Prevention and treatment of postpartum haemorrhage: Intramuscular injection of 1ml following expulsion of the placenta, or when bleeding occurs.

Special populations

Renal impairment / Hepatic impairment

No studies have been performed in patients with renal or hepatic impairment. However considering the metabolic pathway of ergometrine and oxytocin, use is contraindicated in severe hepatic and renal impairment and caution is required in mild or moderate hepatic and renal impairment (see sections 4.3 Contraindications, 4.4 Special warnings and precautions for use and 5.2 Pharmacokinetic properties).

Paediatric population

No data are available.

Elderly

Not applicable.

Method of administration

Intramuscular injection is the recommended route.

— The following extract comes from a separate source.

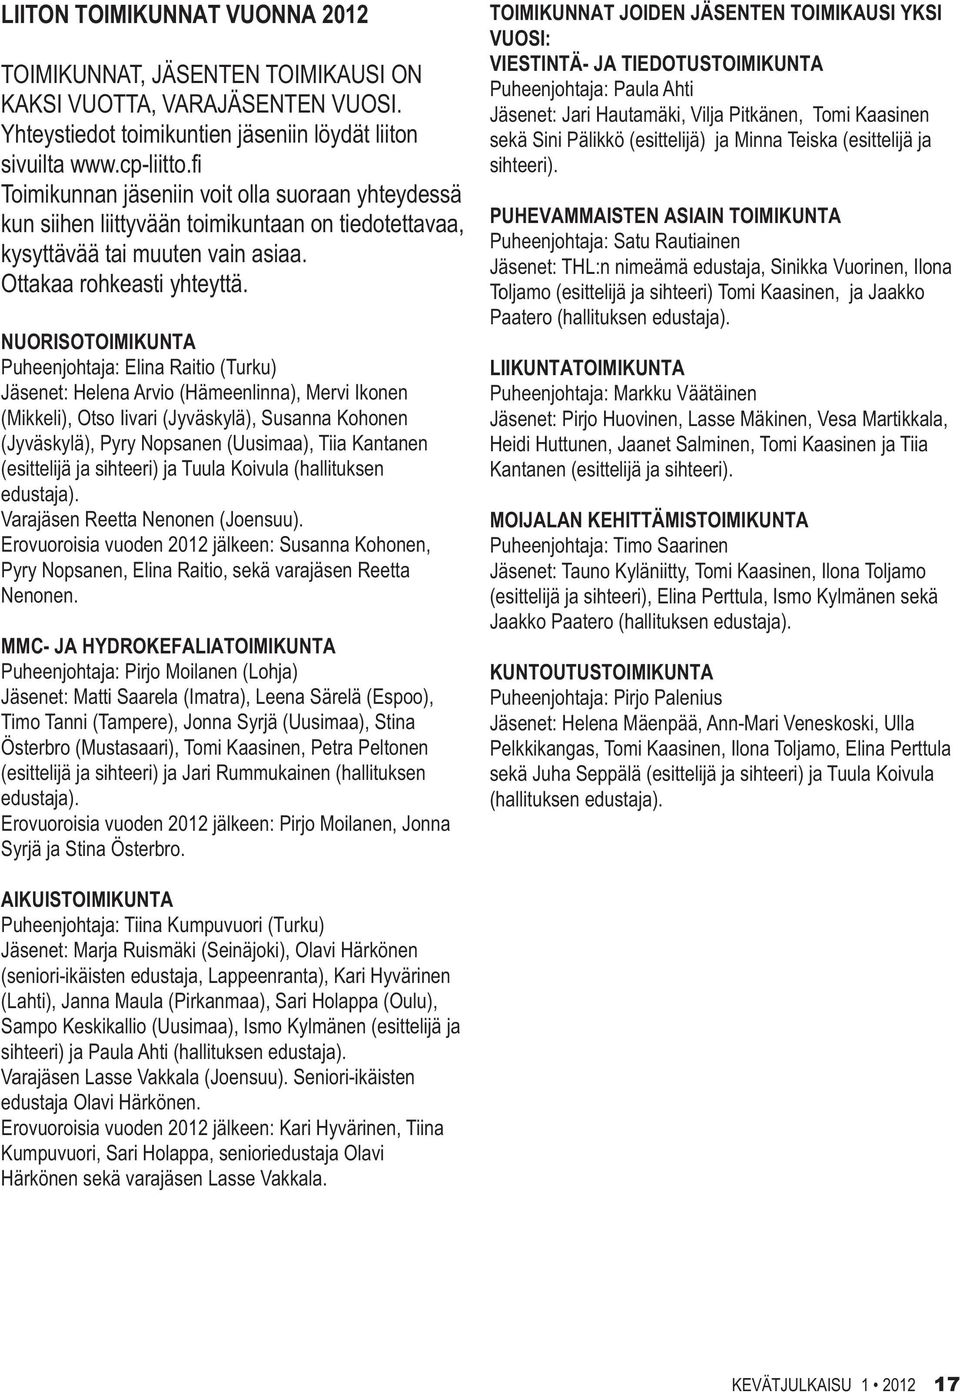 NUORISOTOIMIKUNTA Puheenjohtaja: Elina Raitio (Turku) Jäsenet: Helena Arvio (Hämeenlinna), Mervi Ikonen (Mikkeli), Otso Iivari (Jyväskylä), Susanna Kohonen (Jyväskylä), Pyry Nopsanen (Uusimaa), Tiia

Intravenous administration of Syntometrine (0.5 to 1 mL by slow injection) is possible, but should be limited to use only in cases of severe haemorrhage due to uterine atony.

4.9. Overdose

In the event of maternal intoxication the most likely symptoms would be those of ergometrine intoxication: nausea, vomiting, hypertension or hypotension, vasospastic reactions, respiratory depression, convulsions, coma.

In cases of oral ingestion, although the benefit of gastric decontamination is uncertain, activated charcoal may be given to patients who present within 1 hour of ingesting a toxic dose (more than 125 micrograms/kg in adults) or any amount in a child or in adults with peripheral vascular disease, ischaemic heart disease, severe infection, or hepatic or renal impairment. Alternatively, gastric lavage may be considered in adults within 1 hour of ingesting a potentially life-threatening overdose.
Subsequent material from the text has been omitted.